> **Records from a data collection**
● ● ● ● ● ● ●
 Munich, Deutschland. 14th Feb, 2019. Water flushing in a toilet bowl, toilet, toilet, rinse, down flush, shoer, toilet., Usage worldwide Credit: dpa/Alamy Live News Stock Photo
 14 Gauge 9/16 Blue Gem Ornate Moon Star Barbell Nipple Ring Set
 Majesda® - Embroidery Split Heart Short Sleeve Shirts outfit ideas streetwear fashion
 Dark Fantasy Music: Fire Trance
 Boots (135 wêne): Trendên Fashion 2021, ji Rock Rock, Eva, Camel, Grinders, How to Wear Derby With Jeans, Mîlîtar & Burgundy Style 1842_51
● ● ● ● ● ● ●
> **Exercise**
The required output is every line of the entries, starting at the one that contains "Majesda® - Embroidery" and ending at the last, copied exactly.

> **Answer space**
 Majesda® - Embroidery Split Heart Short Sleeve Shirts outfit ideas streetwear fashion
 Dark Fantasy Music: Fire Trance
 Boots (135 wêne): Trendên Fashion 2021, ji Rock Rock, Eva, Camel, Grinders, How to Wear Derby With Jeans, Mîlîtar & Burgundy Style 1842_51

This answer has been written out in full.